Catalogue > Un extrait vidéo au hasard

Sammy Baloji

Pungulume

Doc. expérimental | 0 | couleur et n&b | 28:0 | Belgique | 2016

The town of Fungurume is situated in the province of Katanga (D.R. Congo) and the hills and mountains surrounding Fungurume form one of the world’s largest copper and cobalt deposits. In pre-colonial times the area was already a major centre in the copper trading network that ran across Central Africa. Today the mountains have become the property of the American Tenke Fungurume Mining consortium (TFM). From 2009 on, TFM’s mining activities have been in full swing, causing the resettlement of thousands of local Sanga inhabitants.
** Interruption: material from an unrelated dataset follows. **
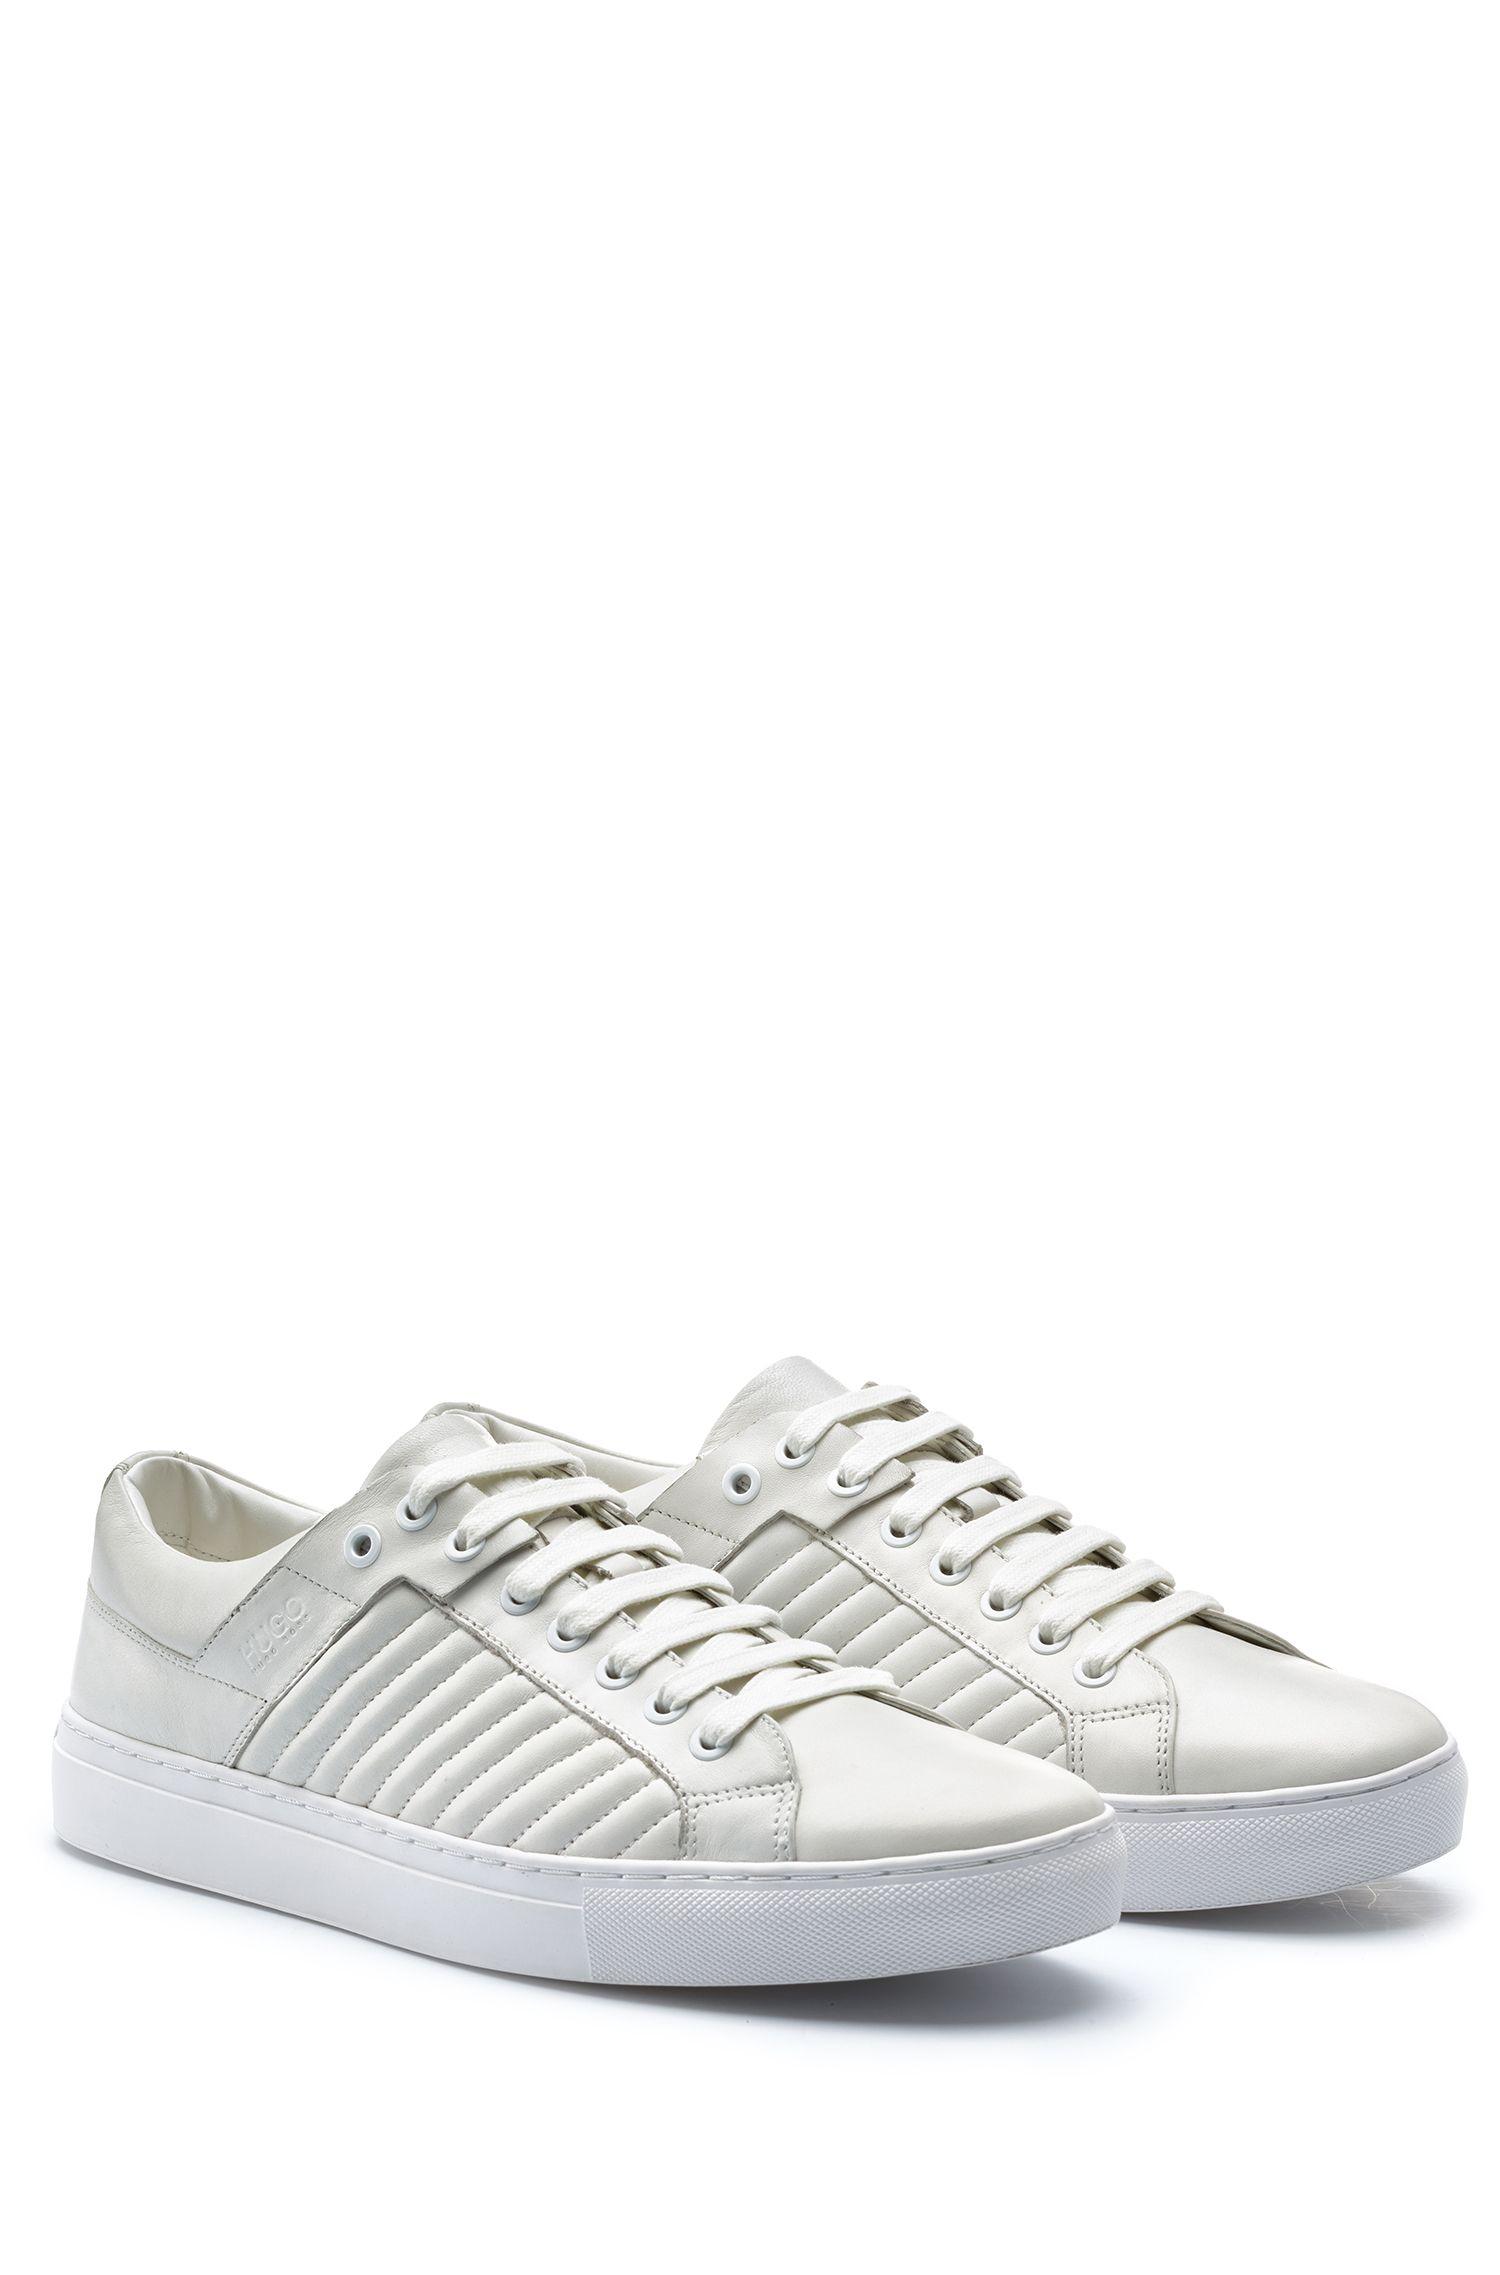 Sneakers in tennisstijl, van lamsleer met matelassé-details

Pungulume focuses on Sanga chief Mpala and his court elders while they are rendering the oral history of the Sanga people, against the backdrop of the industrial destruction of the landscape that anchors Sanga memory and identity. (Filip De Boeck)
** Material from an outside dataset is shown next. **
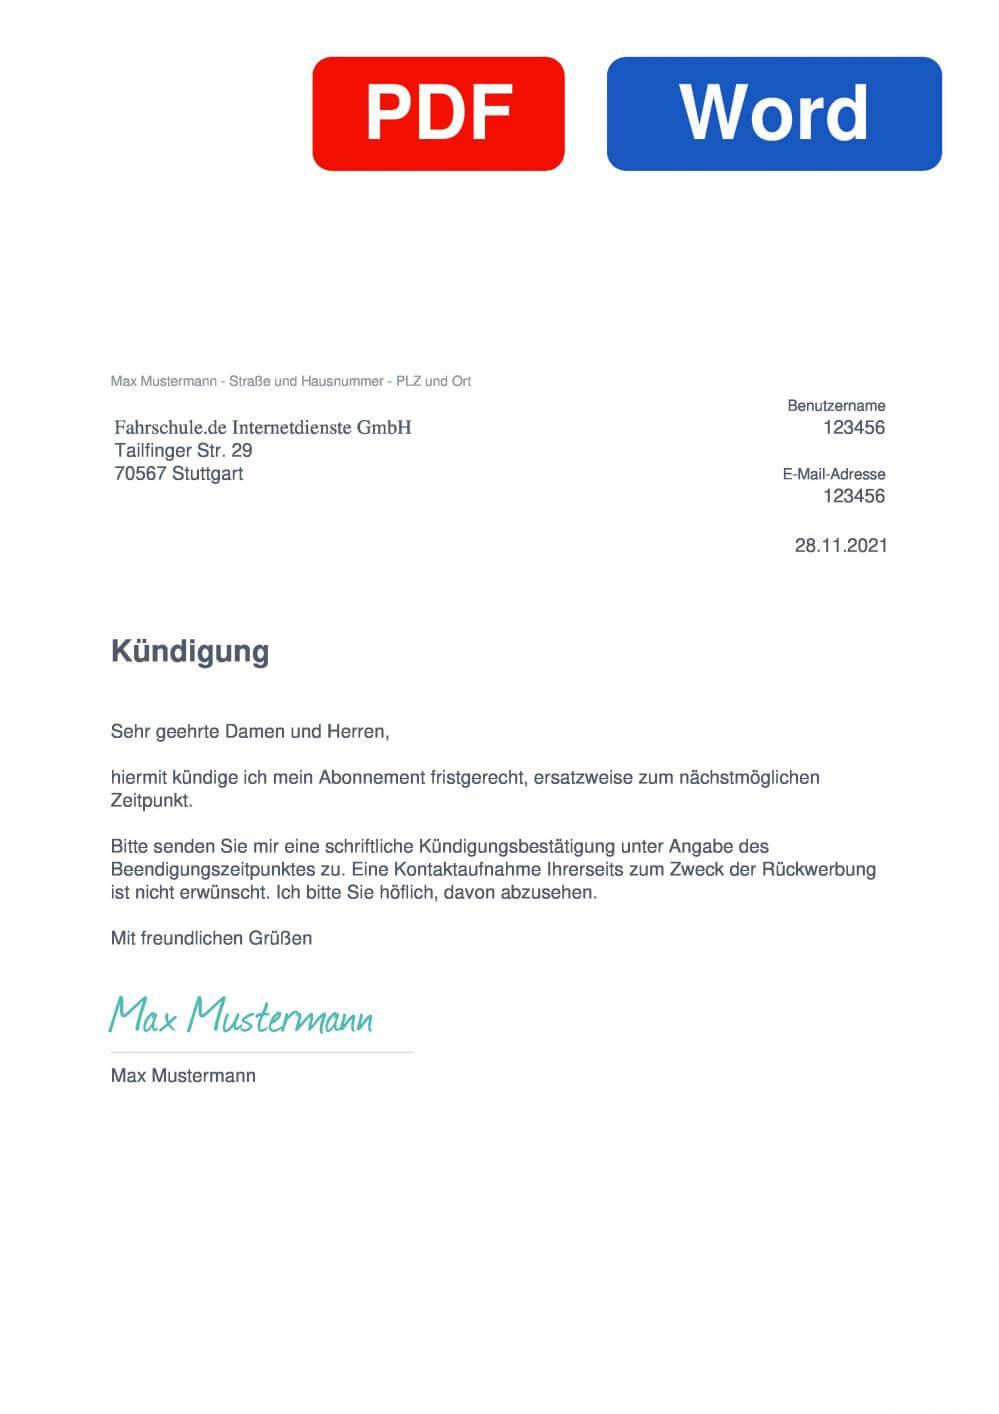 Fahrschule Muster Vorlage für Kündigungsschreiben

Sammy Baloji was born in 1978 in Lubumbashi, in the Katanga province of Democratic Republic of Congo. He studied Computer and Information Sciences and Communication at the University of Lubumbashi. With a borrowed camera, he began photographing scenes as sources for his cartoons. He soon enrolled in photography courses in DRC, and continued with photography and video at Ecole Supérieure des Arts Décoratifs, in Strasbourg, France. Baloji juxtaposes photographic realities, combining past and present, the real and the ideal, to illicit glaring cultural and historical tensions. He explores architecture and the human body as traces of social history, sites of memory, and witnesses to operations of power. Baloji has had solo exhibitions at Musée du quad Branly (Paris), MuZee (Oostende), Royal Museum for Central Africa (Tervuren), WIELS (Brussels) and Museum for African Art (NY). Baloji has featured in numerous group exhibitions worldwide: Biennale de Lyon, Venice Biennale, Louisiana Museum of Modern Art, Foundation Cartier pour l’Art Contemporain,... He has been the recipient of numerous awards including, the 2014 Rolex Mentor and Protégé Arts Initiative award, partnering with Olafur Eliasson. He was nominated a Prix Pictet finalist in 2009, received the Prince Claus Award in 2008 and two awards at the 2007 African Photography Biennial in Bamako, Mali.